A friend of mine had scoliosis, at least I think that what she had, I never heard the proper medical term for it. She had it corrected by doctors inserting some metal rods by her spine, so now her back is all stiff - I'm a little vague on the details since it's a while since I heard the story.

In any case, I agree that we must also heavily scrutinize the medical system, since companies go where the profits are, and if there are no profits to be had, then that kind of medicine is discarded and abandoned. This is what has happened with many potential cancer treatments, since there is less profit in un-patentable formulas than those that can be patented.

If your methods actually do work consistently then it would certainly stand up to scientific standards, it must be replicable and verifiable and that's basically it. The problem is that often it works like "magic" and heals some, but not all with what appears to be the same illness. This is due to a lack of understanding of what is actually wrong with a patient.

The back and nervous system is notoriously hard to "fix" since few people understand it very well and each person is unique (to some extent).

Some "alternative" medicines are perinormal - they work, but we don't know it yet. They are essentially medicines, but we have not determined precisely how and why they help. "Home remedies" are really a proto-version of alternative medicines in this way, in that someone once used it and it worked. Others, like homeopathy, are demonstrably false and are indeed scams. The make wild claims based on nothing but superstition and humbug.
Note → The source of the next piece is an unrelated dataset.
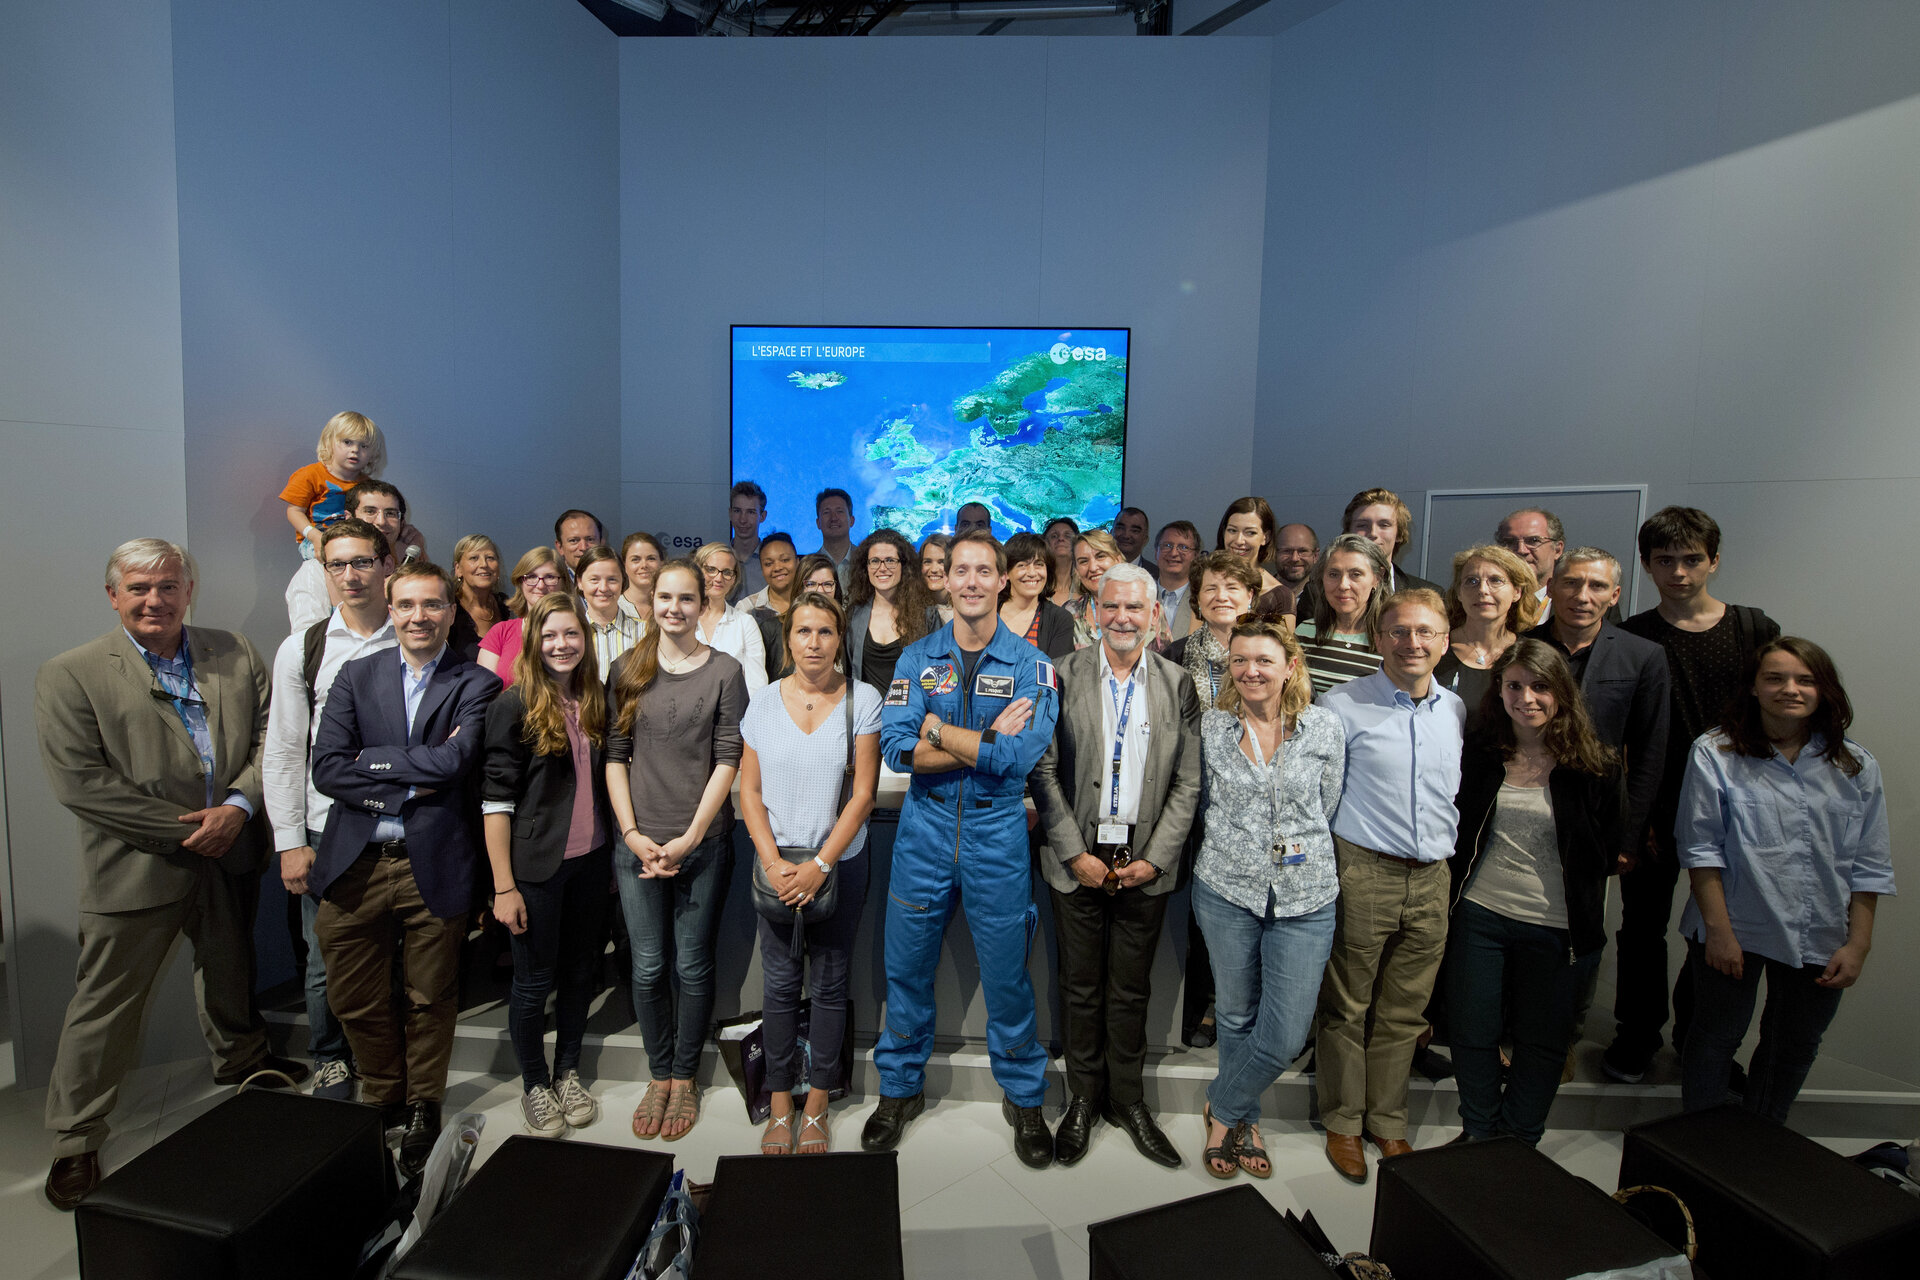 ESA staffs and ESA astronaut Thomas Pesquet

Prayer is also not medicine. If you get bitten by a snake and pray for the venom to leave your body, you die.

The court of public opinion is highly subjective and cannot be trusted to make reliable judgments. This is why the scientific method exists - to eliminate the need for "he said, she said".

It is smart to be weary of the medicinal industry, I'll grant you that, but your doctor is not an arm of that - he (or she) is a healer, that is their goal. I am deeply troubled when certain doctors are influenced by incentives that go against the patient's best interest - it does happen, medicinal firms offering bonuses if you use their products even though they're inferior and so on. But the fact remains that this inferior product has still gone through channels which ensure that it does work, alternative medicine does not.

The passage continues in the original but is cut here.